3.      Use templates for common and specialized monitoring requirements

If you are going to spend your valuable time automating the monitoring and associated actions for each task, then put that process into a template so it can be deployed to multiple systems.

Templates can be grouped by function or application. Multiple templates can then be applied to existing systems – or each newly installed system.

Some examples of how templates can be applied:

  • Create processor, disk space, and memory monitoring rules as a ‘Standard Performance Template’. Apply it to every system.
  • Create an additional template for disk thresholds and disk arm utilization, memory paging faults, and processor bound processes and save it as an ‘Advanced Performance Template’. Apply this template to your database servers.
  • Create Exchange Server templates to ensure services are started, outbound queues are active, log files are cleared and database size increases. Apply this alongside the performance templates to your email servers.
  • Create AIX templates based on the above criteria, plus Linux and IBM i templates and so on.

Or better still, use a product that has point and click technology and best practice example templates included in the package, so you are already one step ahead.

4.      Monitor by exception

It seems so obvious when you say it out loud but ask the question to yourself. “Do you monitor by exception?” Do you check each day that all your backups have completed normally? If you answered yes to that question, then you do not monitor by exception.

I do not check that my backups have completed each day as I do not care. I only care about the backups that have not completed.

I use my automation tools to check if my backups have completed normally and if they have not I automate an action which sends a message to my cell phone and I also have the alert displayed on an Enterprise Management Console, so I have full visibility.

It sounds simple but it means I do not see lots of ‘noise’. I do not see 150 alerts telling me everything is good and 4 alerts telling me something is bad. I only see the 4 alerts I need to action.
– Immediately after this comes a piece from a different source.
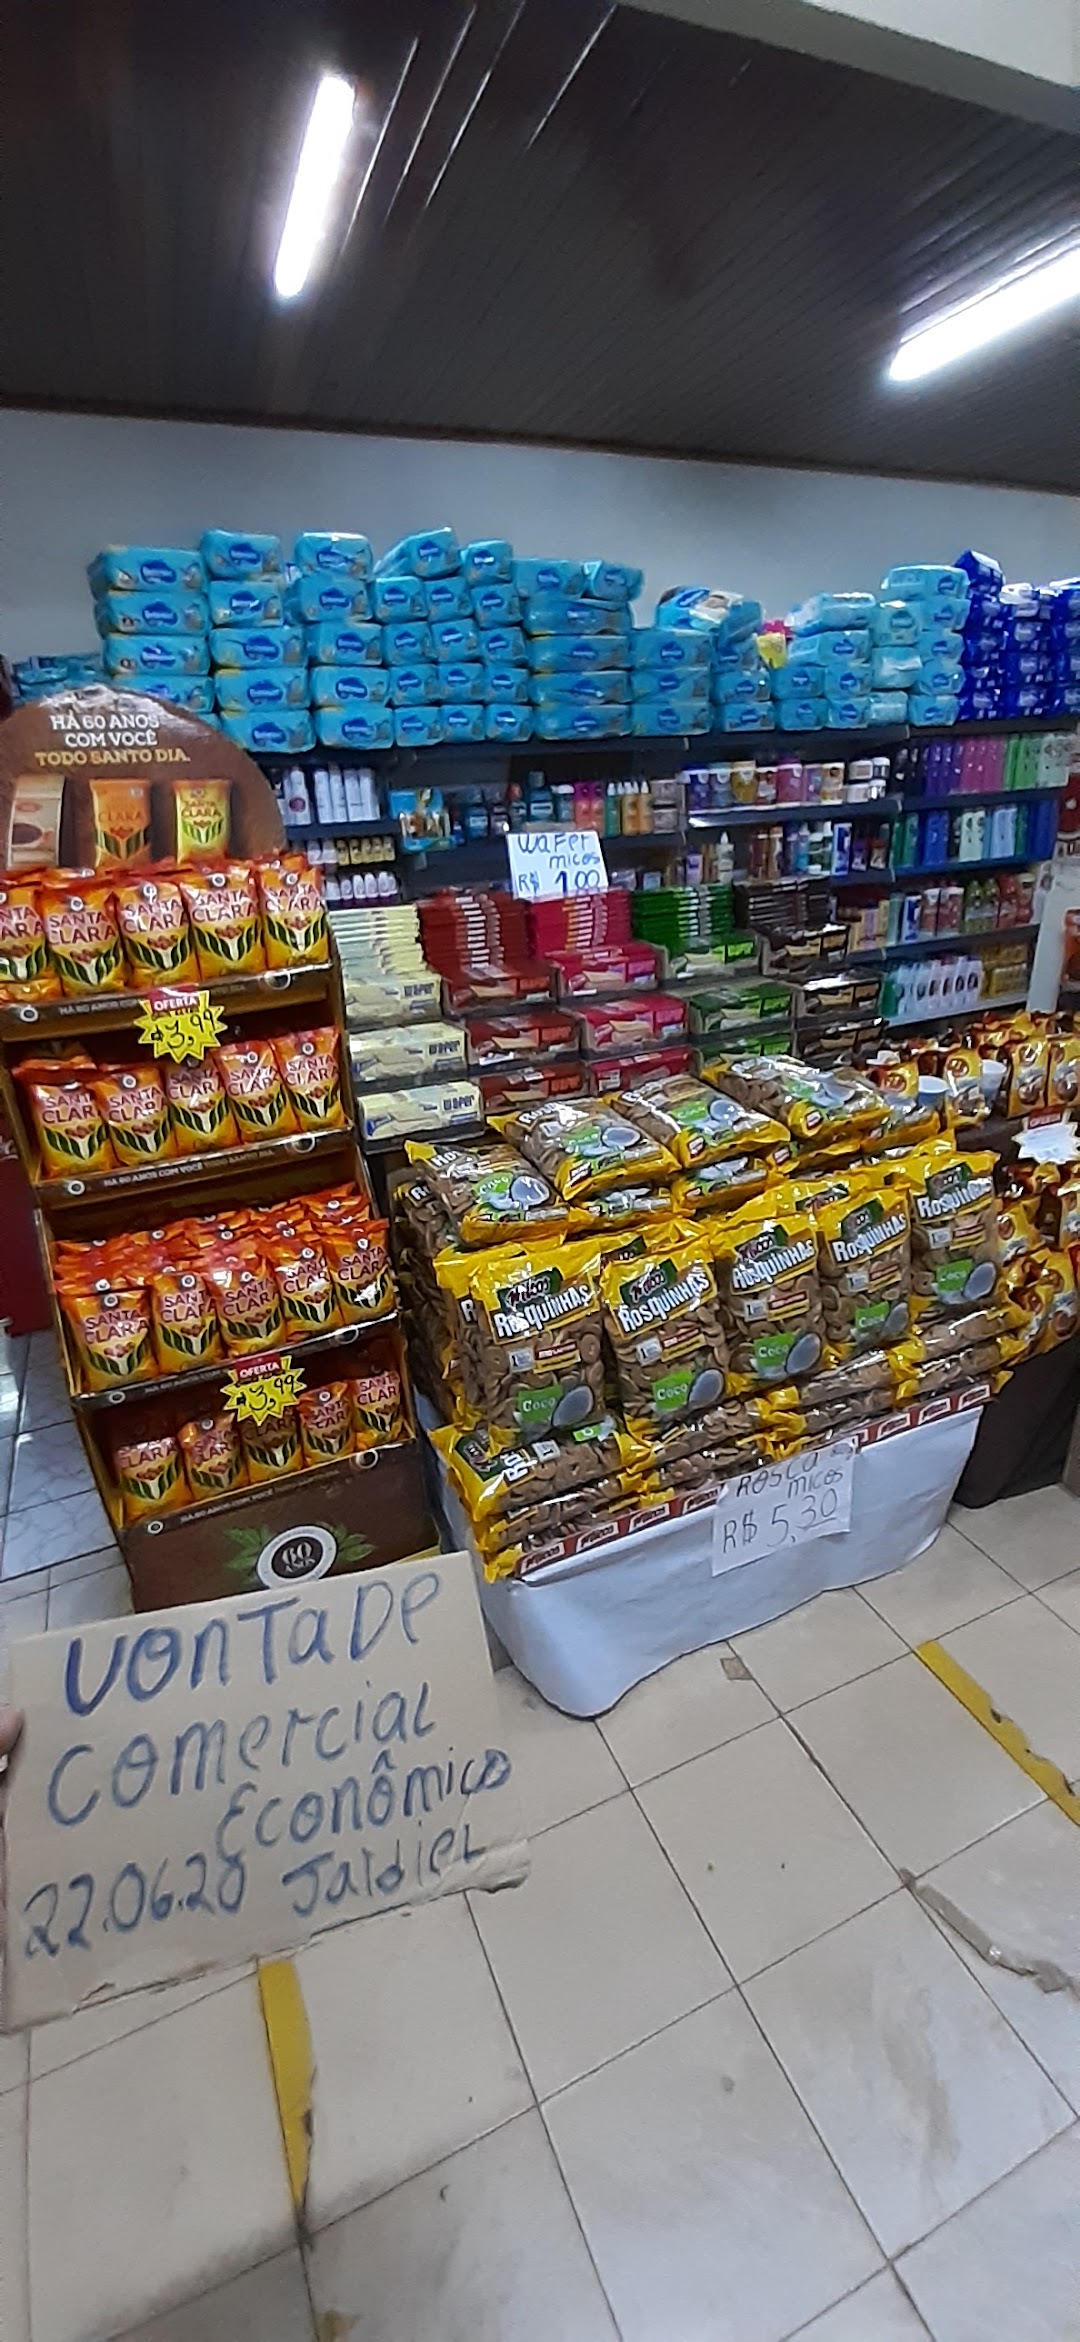 Supermercado Planalto

5.      Finally, embrace mobile computing smart technology so that information comes to you rather than you having to look for it

You no longer have the luxury of just sitting at your desk looking at consoles and screens; you have meetings to attend and reports to write. You have to prove what value you add to the business just by being employed.

You need to use your automated operations software to come and find you and tap you on your shoulder to say; “Hey you need to look at this and do something about it before something goes wrong.”
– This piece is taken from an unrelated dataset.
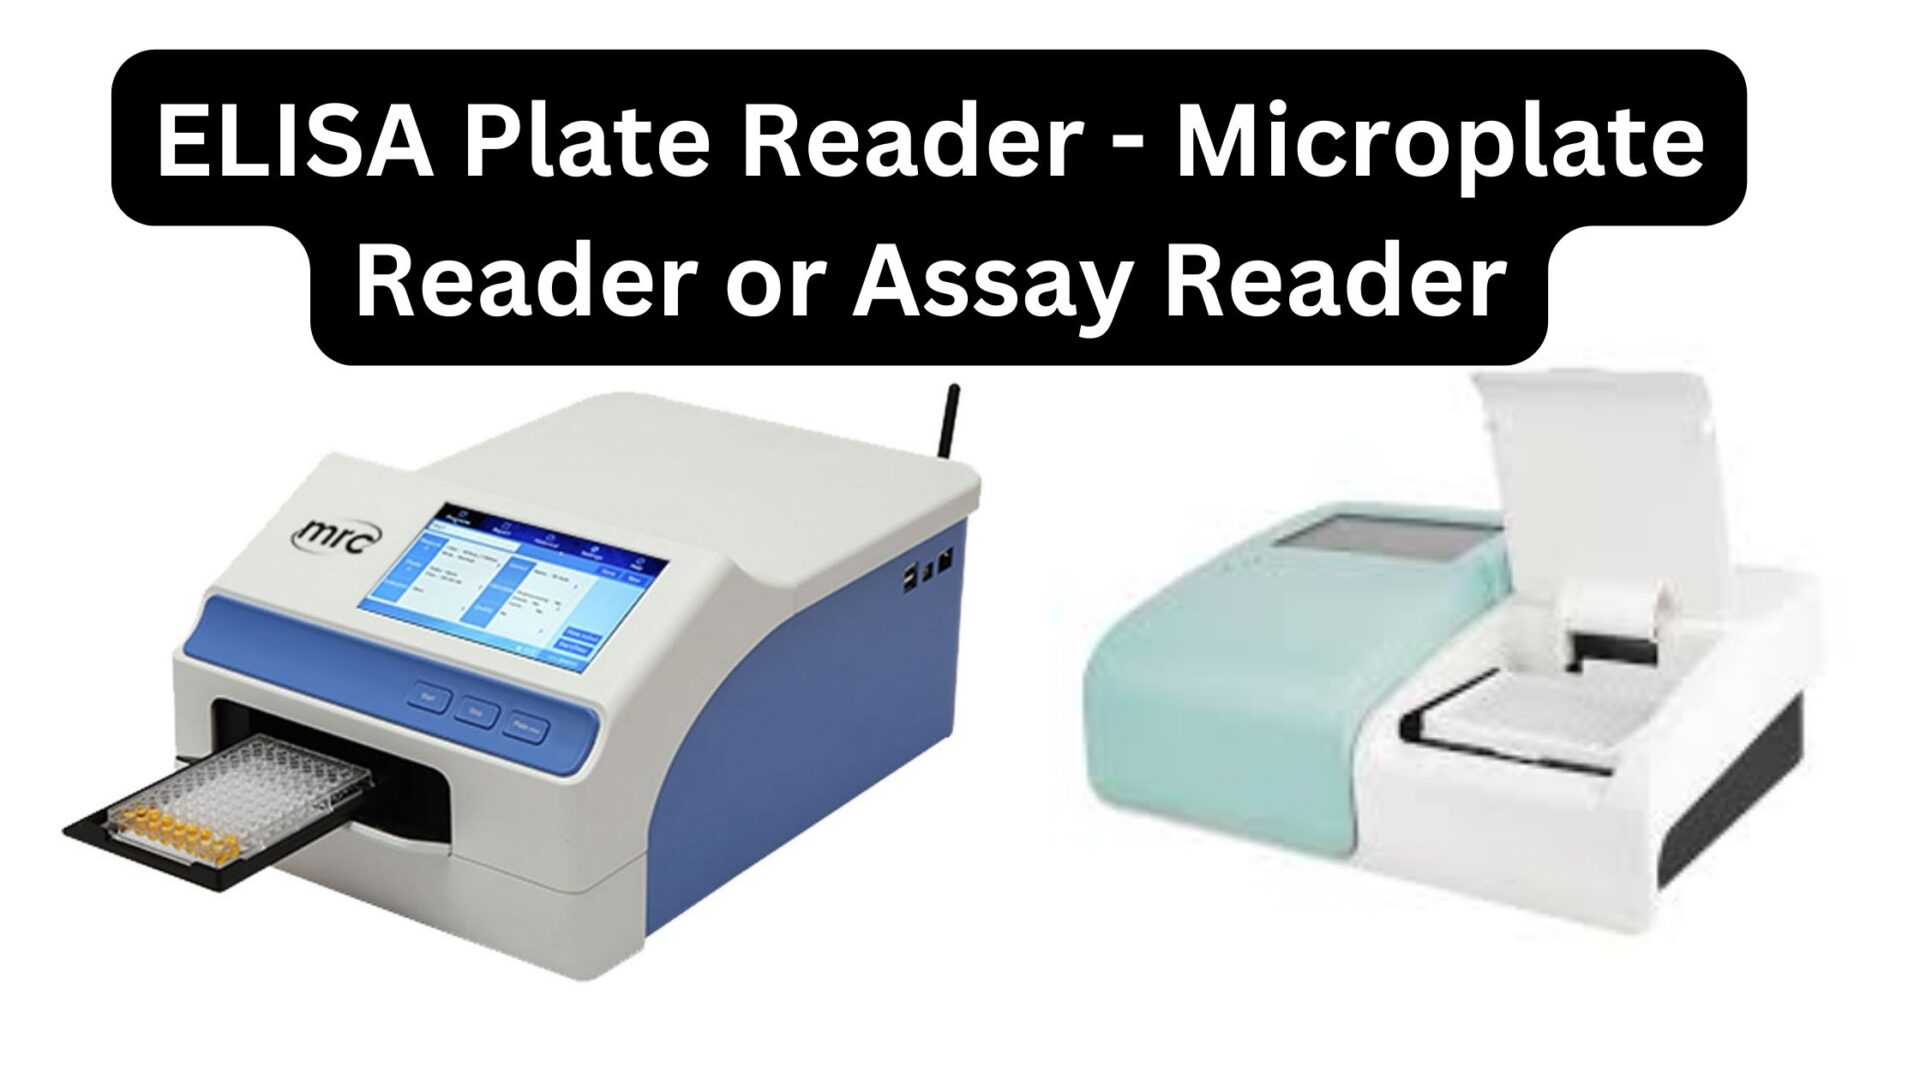 ELISA Plate Reader - Microplate Reader or Assay Reader

You need to embrace a solution that provides automation ‘on the go’. These days, smartphones, tablets and mobile consoles are a necessity, not a nice to have. Look for modern system management solutions that have developed specialist ‘apps’ which enable you to receive alerts on your preferred mobile device.

What’s the alternative?

So that all sounds like common sense, right? Why don’t I just write my own automated scripts and routines? I frequently talk with client’s who ask me that very question. You can write your own scripts and routines based on what you know. But what about what you don’t know? How can you monitor for something that you don’t know may happen? That is why you need a professional monitoring and automated operations product, that nurtures best practices and is also maintained and updated with new features and monitoring requirements before they become an issue.
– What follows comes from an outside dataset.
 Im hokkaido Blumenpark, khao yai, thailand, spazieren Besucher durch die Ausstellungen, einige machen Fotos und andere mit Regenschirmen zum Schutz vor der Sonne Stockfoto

You should look for an automated solution that preferably uses ‘point and click’ technology on all platforms and does not use scripts, unless you need to for legacy reasons.

What about operating system updates and file structures changes? I have seen so many in-house written utilities that break when changes outside of the author’s control have been made. Such as upgrading to a newer release of the operating system or simply applying an update. Additionally, I have seen many clients using utilities where the original author is no longer working at the company – or worse. Using an automated system management solution takes those concerns away.

Maybe new technologies are introduced as the result of a company merger, acquisition or a technology refresh. How do you know what needs to be monitored and how do you suddenly become a subject matter expert?